Governance priorities for Investors

    Message From Susan Street Whaley

    Susan Street Whaley

    Susan Street Whaley

    Chief Legal Officer and Secretary

    At P&G, we serve nearly five billion people around the world with one of the strongest portfolios of trusted, quality, and leadership brands. How we serve the world’s consumers matters, and we have committed – publicly and within – to doing what is right and to being a good corporate citizen. A sustainably strong business depends on maintaining trust, and that requires adopting strong ethical and compliance standards and ensuring strong Board leadership and oversight. That is why Good Governance is the foundation for everything we do, including our ESG work — the base from which it all builds — rather than a separate focus area. From long experience, we know that a sustainably strong business depends on maintaining strong ethical, compliance and quality standards. It is equally true that for all our citizenship work to be credible and impactful, it must be firmly rooted in our Purpose, Values and Principles.

    Our Commitment to Good Governance

    From experience, built over nearly 185 years, we know that a sustainably strong business depends on maintaining strong ethical, compliance and quality standards. It is equally true that for our ESG work to be credible and impactful, it must be firmly rooted in our Purpose, Values and Principles (PVPs). Most critical though, is that our PVPs and standards come to life, by forming the basis through which our employees do their work to improve consumers’ lives each and every day.

    Board Structure & Composition

    • Highly engaged Board with strong gender and ethnic diversity, skills, and experience
    • Four Board Committees comprised of independent Directors
    • Annual assessment and determination of optimal Board leadership structure
    • Active and engaged Lead Director has significant role, strong autonomy, and meaningful governance duties
    • Executive sessions of the independent Directors at every regular meeting of the Board, without management present
    • Annual Board and Committee self-assessments, including one-on-one reviews with individual Directors to ensure thoughtful, candid feedback
    • Independent Director evaluation of Chairman and CEO and continuous Director feedback

    Board Operations & Oversight

    • Full Board oversees the development and execution of the Company’s strategic plans
    • Committee core areas of focus include financial integrity and legal compliance (Audit), corporate governance (G&PR), compensation and succession planning (C&LD), and innovation strategy (I&T)
    • Annual Board discussion of key significant risks identified in the Company’s enterprise risk management process
    • Board oversight and ongoing engagement with senior executives on key ESG matters, including cybersecurity (Audit), organizational diversity and gender pay equity (C&LD), community impact, environmental sustainability, and responsible sourcing practices (G&PR), and sustainable innovation (I&T).
    • Directors participate in focused sessions on emerging topics
    • Directors have significant interaction with senior business leaders and access to other employees as desired
    • Directors have ability to hire outside experts and consultants and to conduct independent investigations

    Shareholder Rights & Engagement

    • Proxy access for Director nominees, available to a shareholder, or group of up to 20 shareholders, holding 3% of the Company’s common stock for at least 3 years
    • All Directors elected annually
    • Simple majority voting standard for all uncontested Director elections
    • Shareholder right to call special meetings
    • Ongoing shareholder engagement
    • Shareholder ability to contact Directors

    Governance Best Practices

    • Clawback policy permits the Company to recoup certain compensation payments in the event of a significant restatement of financial results for any reason
    • Insider Trading Policy prohibits Directors, senior executives, and other designated employees from engaging in any pledging, short sales, or hedging investments involving Company stock
    • CEO, senior executives, and Directors required to own shares or RSUs at multiples of their salaries or annual retainer
    • Retirement age and term limit for Directors
    • Ongoing Board assessment and refreshment led by the G&PR Committee
    • Policies consistent with the Investor Stewardship Group’s Corporate Governance Principles
    • Signatory to Commonsense Corporate Governance Principles 2.0
    • Board policy limits Director membership on other public company boards

    Shareholder Engagement

    We value our relationships with all our shareholders.

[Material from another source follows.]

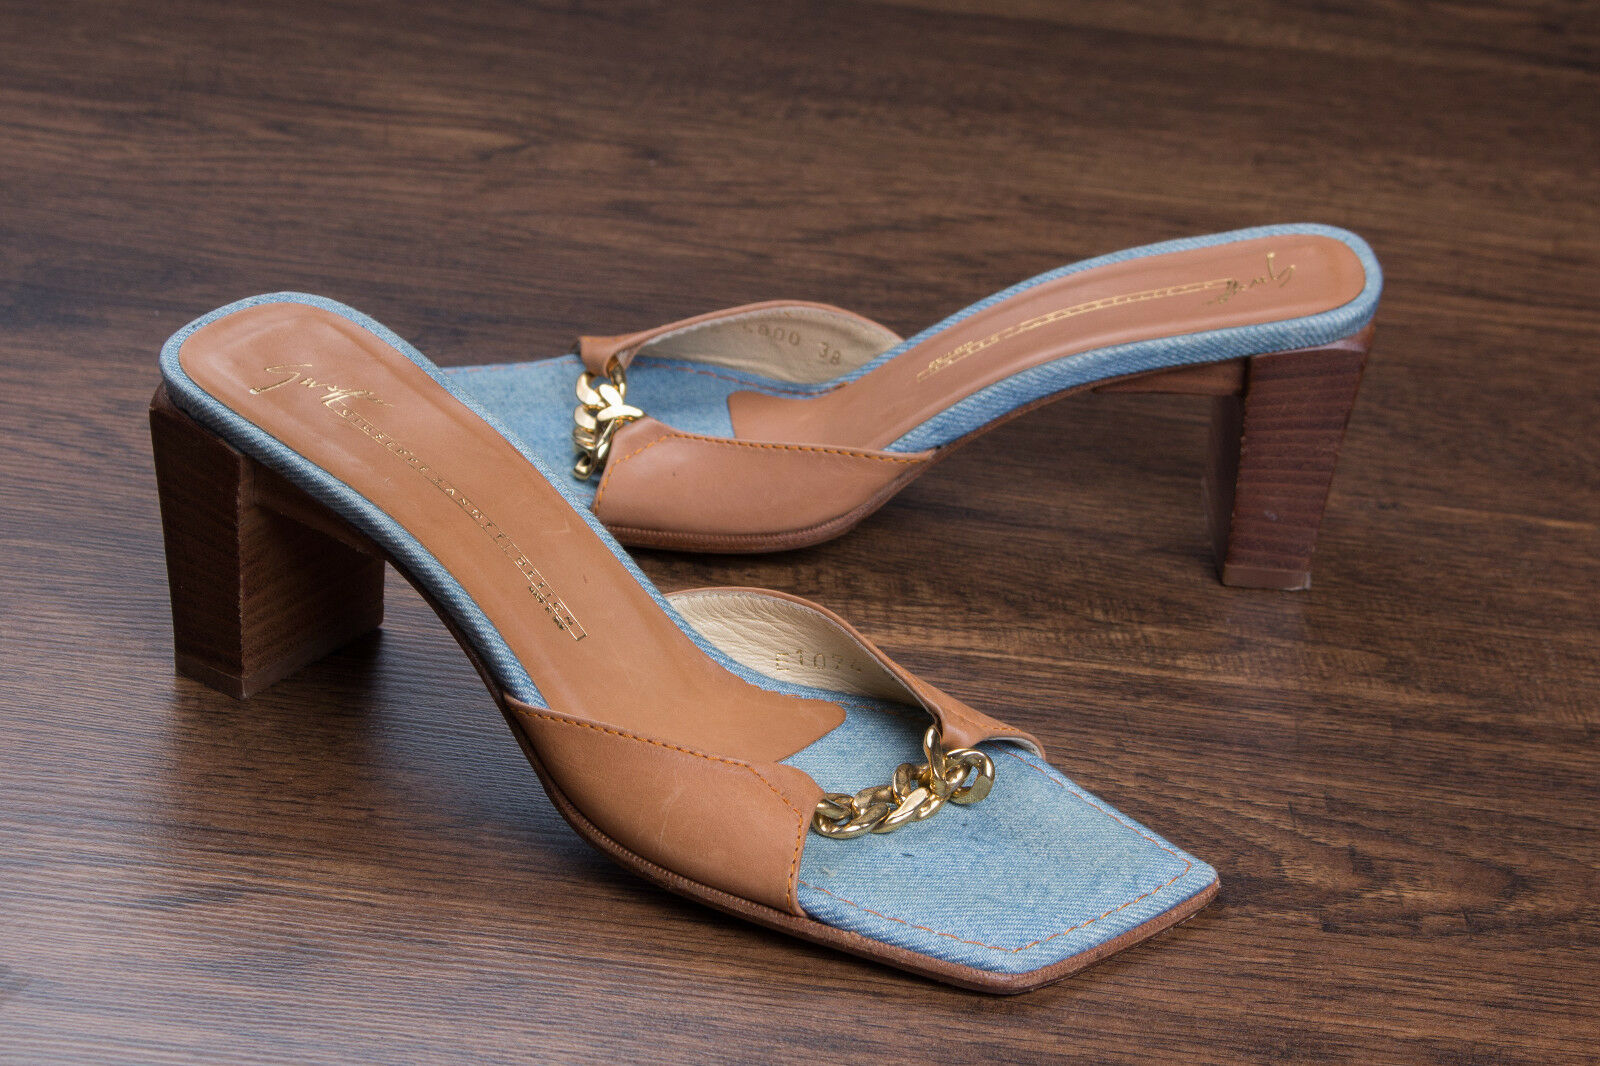 Giuseppe Zanotti High Heel scarpe Sz 38    US 8  ottima selezione e consegna rapida

Engagement builds mutual understanding and a basis for progress, and the input we receive from our shareholders impacts and informs our corporate practices. The Company’s top 100 institutional shareholders collectively own over 50% of the Company’s outstanding shares of common stock, and we generally focus our proactive outreach efforts on these shareholders. These engagements have included members of our senior management, investor relations team, and subject matter experts from the Company, as well as Directors. We also solicit off-cycle, follow-up engagements where we believe further discussion and feedback on our actions would be beneficial. Our team is available via Investor Relations or the Corporate Secretary’s Office (CSO).